La mejor solución depende de cómo pienses utilizarla. Para una preparación rápida, guarda la menta fresca en el frigorífico. Para un uso más prolongado, congélala o sécala.
¿Cómo puedo evitar que la menta se ponga negra?
Para evitar que la menta se ponga negra, limite la oxidación y la humedad excesiva. Coloque las hojas en un tarro hermético o manténgalas en hielo. Un ligero rociado puede ayudar a mantener la frescura, pero cuidado con el exceso de agua.
¿Cómo se seca la menta fresca?
Los manojos de menta se pueden secar colgándolos o utilizando un deshidratador. Los pasos consisten en recolectar tallos limpios, secarlos en un lugar oscuro y luego guardar las hojas en un tarro hermético.
¿Se puede congelar la menta recién cortada?
Sí, la menta fresca cortada se puede congelar. Puedes trocearla y colocarla en una cubitera llena de agua o aceite, o congelarla directamente en pequeñas porciones. Así es más fácil utilizarla en platos o cócteles.
¿Se deben conservar las hojas de menta fresca en el frigorífico?
Sí, si desea consumir menta fresca a los pocos días de cosecharla, es aconsejable guardar las hojas en el frigorífico.
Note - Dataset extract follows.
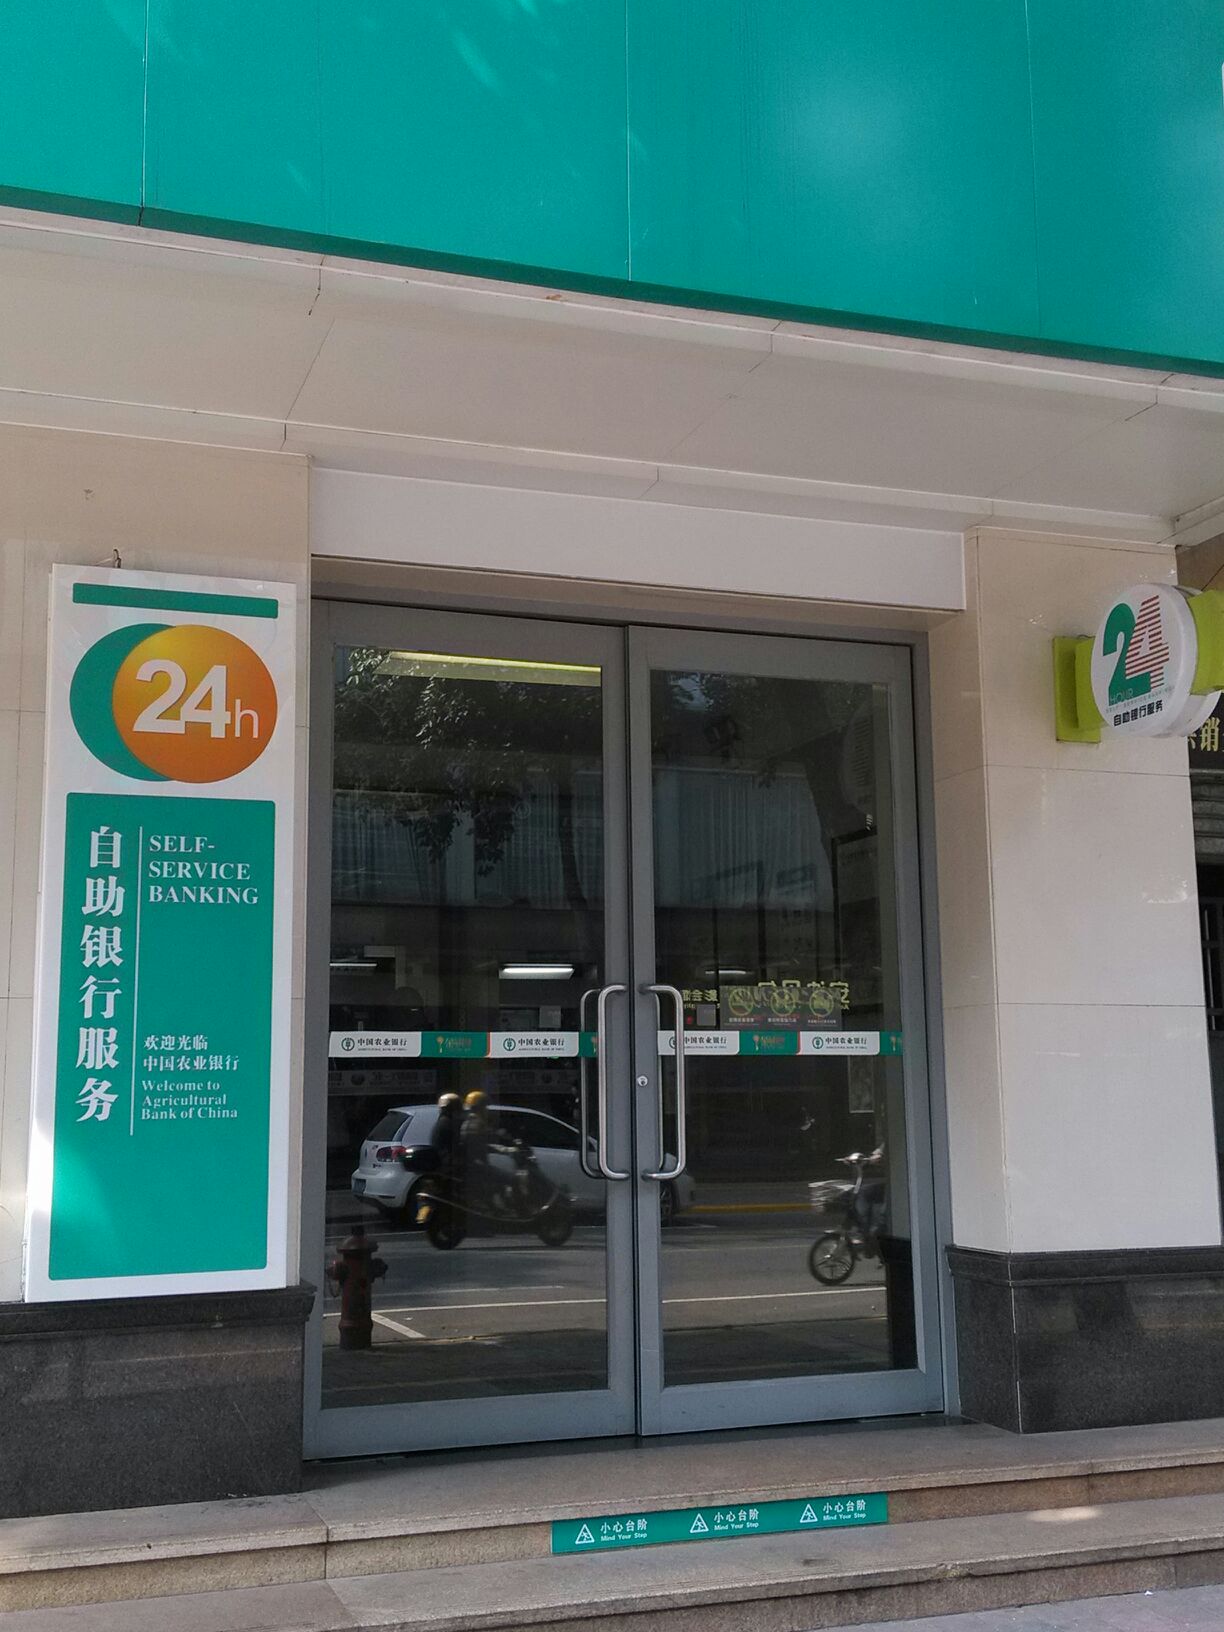 中國農業銀行24小時自助銀行(中山郊區支行)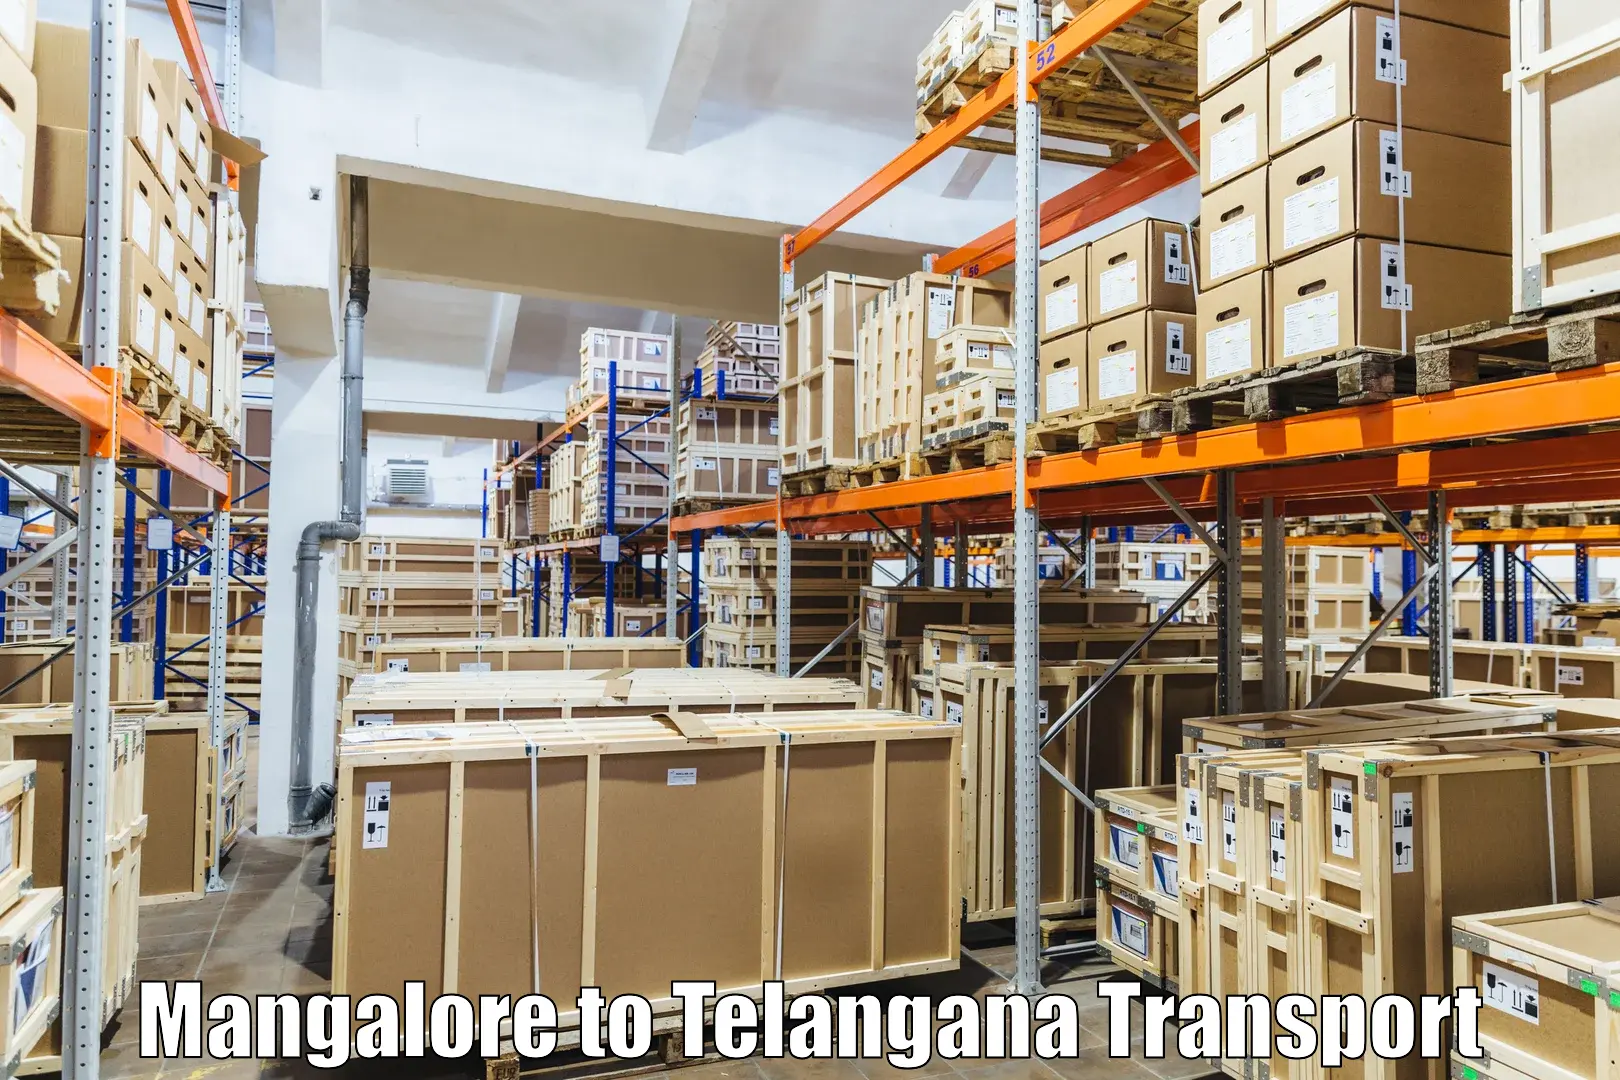 Online transport service Mangalore to Mahabubabad

Así se mantendrán frescas durante unos días, sobre todo si están protegidas en un tarro o en un paño húmedo.
Los mejores consejos para prolongar la frescura de la menta
He aquí algunos consejos prácticos para conservar la menta con éxito:
- Elija una planta bien hidratada nada más cosecharla.
- No lavar las hojas antes de almacenarlas: el agua favorece el oscurecimiento.
- Compara los cuatro métodos principales (frigorífico, congelador, secado, uso inmediato) en función de tus necesidades.
- Conserva los estolones de menta para que la planta vuelva a crecer y tener siempre frescura disponible.
- Adapte la preparación en función del destinatario: cócteles, infusiones, platos preparados o platos decorativos.
Una gota de frescura en cada uso
Saber conservar correctamente la menta fresca es esencial si quieres disfrutar de su aroma, fragancia y beneficios. Ya sea conservándola unos días en el frigorífico, convirtiéndola en menta congelada utilizando una cubitera o secándola en un deshidratador, cada método tiene sus ventajas.
Con los consejos adecuados, cada gota de la frescura de la menta estará presente en tus platos, cócteles e infusiones. Es una forma sencilla de prolongar el placer y evitar el desperdicio, al tiempo que se obtiene lo mejor de esta hierba aromática esencial.